L: In a Glasgow Cotton Mill Minding a Pair of Fine Frames. R: In a Glasgow Cotton Spinning Mill Changing the Bobbin

Four portraits painted by suffragette leader Sylvia Pankhurst depicting women working in mills and potteries are to enter the UK's national art collection.

Pankhurst painted the watercolours in Glasgow and Staffordshire in 1907, when she documented the poor conditions and low wages experienced by women.

They have been bought by the Tate, which holds the national collection.

Tate's Ann Gallagher said they would "expand the way we represent working women as subjects in art history".

The paintings have been acquired to mark the centenary of some women getting the vote.

Along with her mother Emmeline and sister Christabel, Sylvia Pankhurst was among the leading voices in the campaign for women's suffrage.

Image source, Tate
Image caption,

L: An Old-fashioned Pottery Turning Jasper-ware. R: On a Pot Bank: Finishing Off the Edges of the Unbaked Plates on a Whirler

Sylvia was a skilled artist and painted some of the people she met when she visited industrial areas in the Midlands, northern England and Scotland in 1907.
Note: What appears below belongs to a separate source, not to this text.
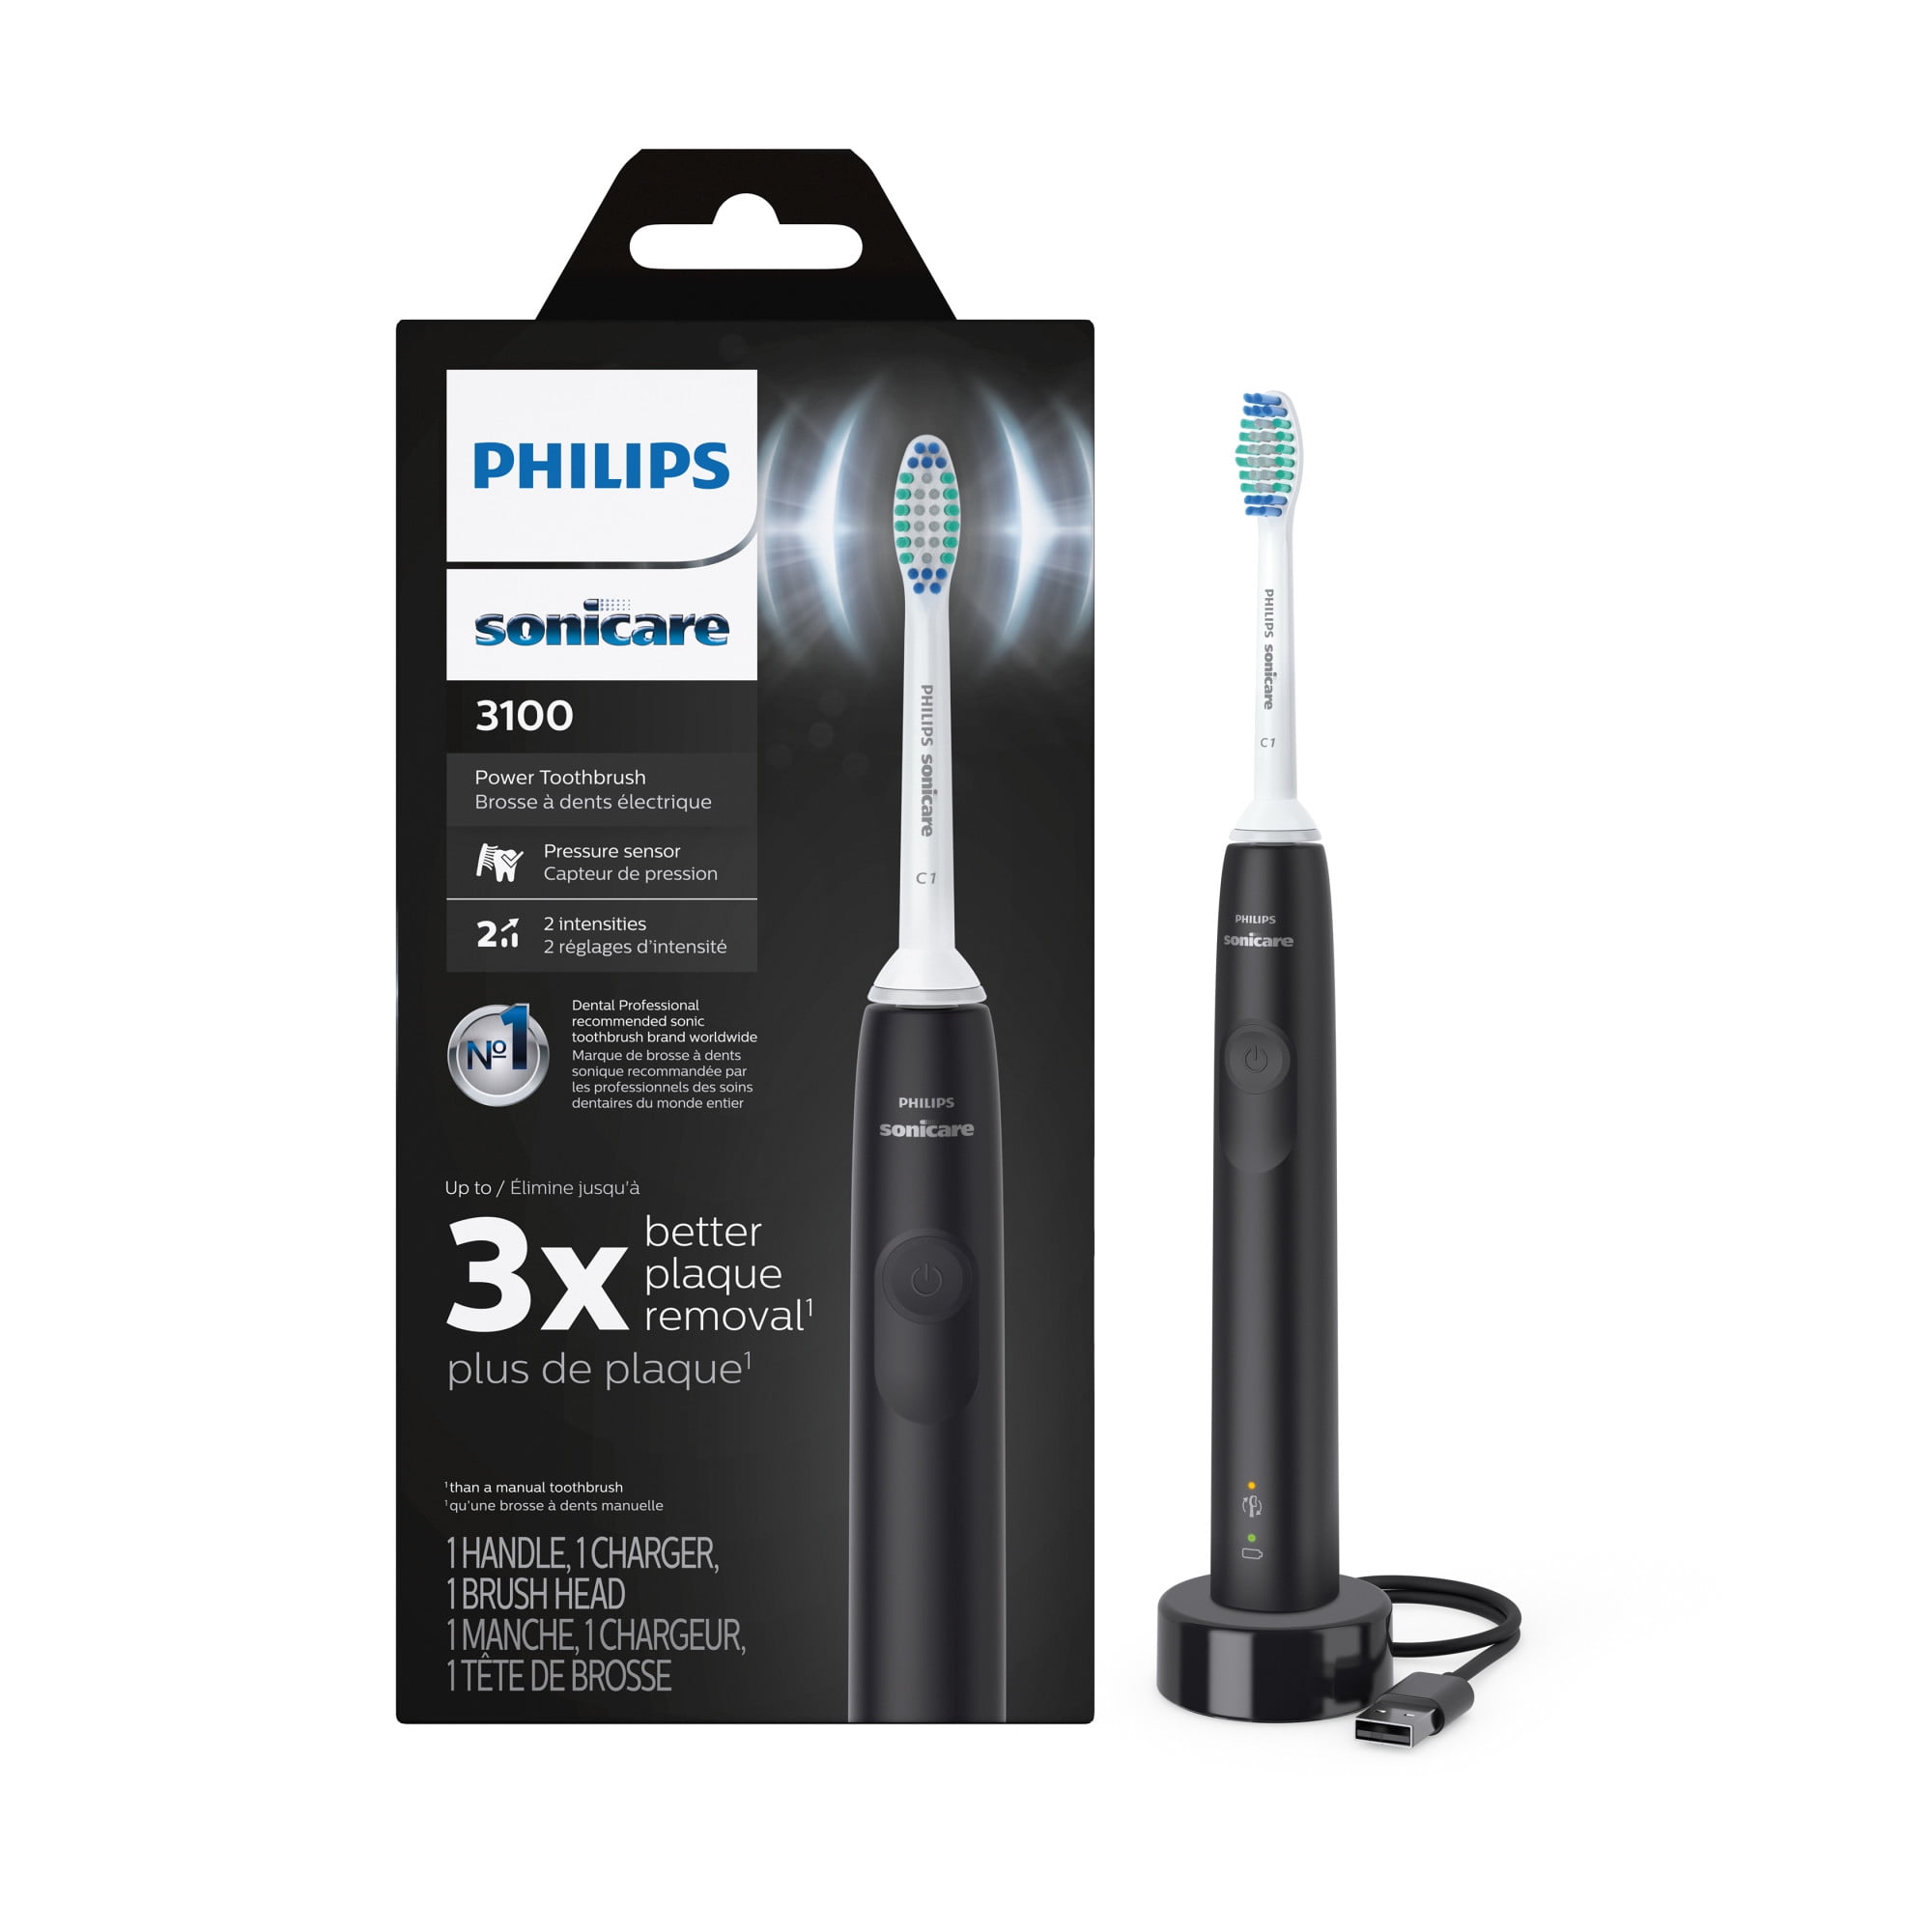 Philips Sonicare 3100 Rechargeable Electric Toothbrush, Black HX3681/04

Her paintings and written accounts were later published in the London Magazine and Votes for Women, the journal of the Women's Social and Political Union.

Two were painted in cotton mills in Glasgow, where she wrote about "the almost deafening noise of the machinery and the oppressive heat", which was "so hot and airless that I fainted within an hour".
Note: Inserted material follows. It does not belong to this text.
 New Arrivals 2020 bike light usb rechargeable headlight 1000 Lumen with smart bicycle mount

The other two were created in the Potteries, where she was horrified to find that women were often restricted to low-skilled, low-paid roles assisting male workers.

She wrote: "Each was employed by the man she toiled for - the slave of a slave, I thought!"
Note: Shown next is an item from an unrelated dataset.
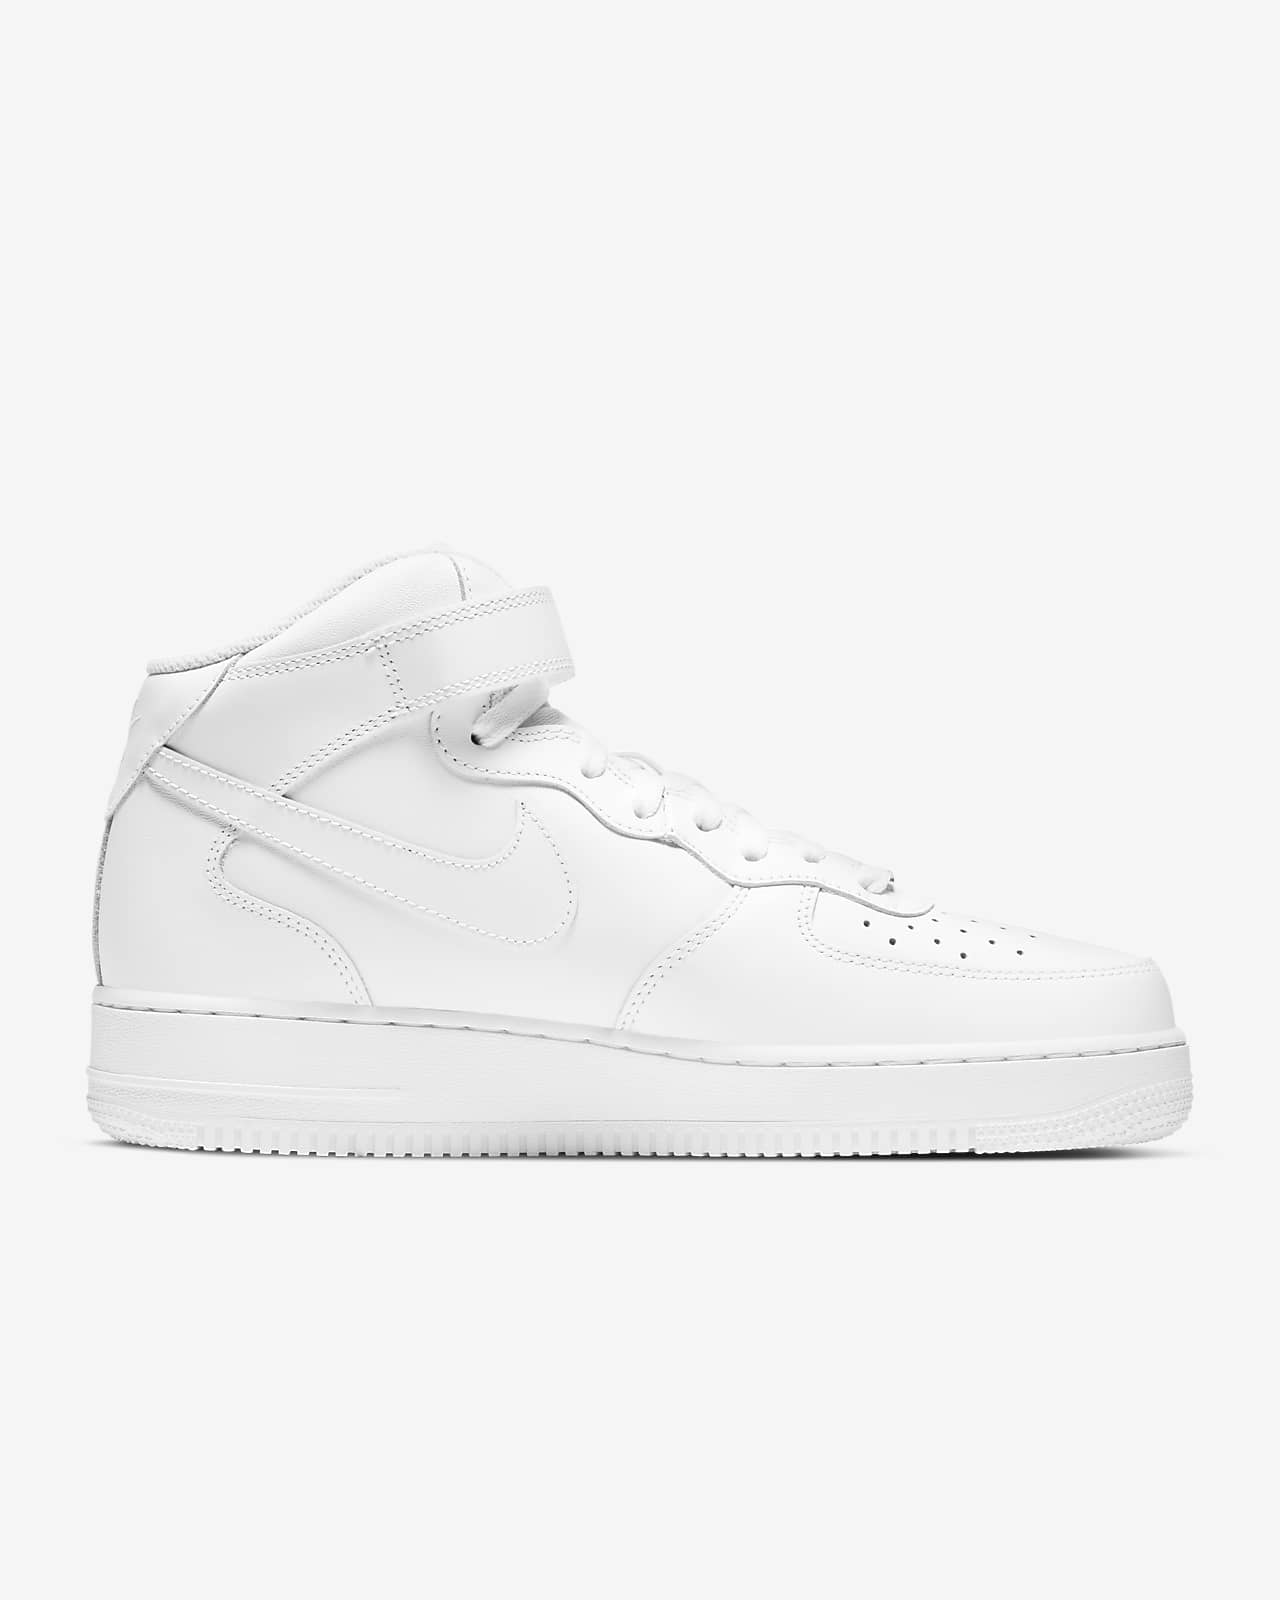 men's nike air force 1 mid casual shoes

Image source, Getty Images
Image caption,

Sylvia Pankhurst also put her artistic skills to use in the suffrage campaign

She hoped the images would help improve conditions for women, but later gave up art to dedicate herself to the suffrage campaign.

Ann Gallagher, Tate's director of collection for British art, said: "At a time when gender pay gaps and women's rights at work remain urgent topical issues, these images remind us of the role art can play in inspiring social change."

The paintings have been bought from the suffragette's grandchildren Helen and Alula Pankhurst. They can be seen at Scarborough Art Gallery until 6 January and will be exhibited at Tate Britain in 2020.

Tate holds the national collection of British art from 1500 to the present day.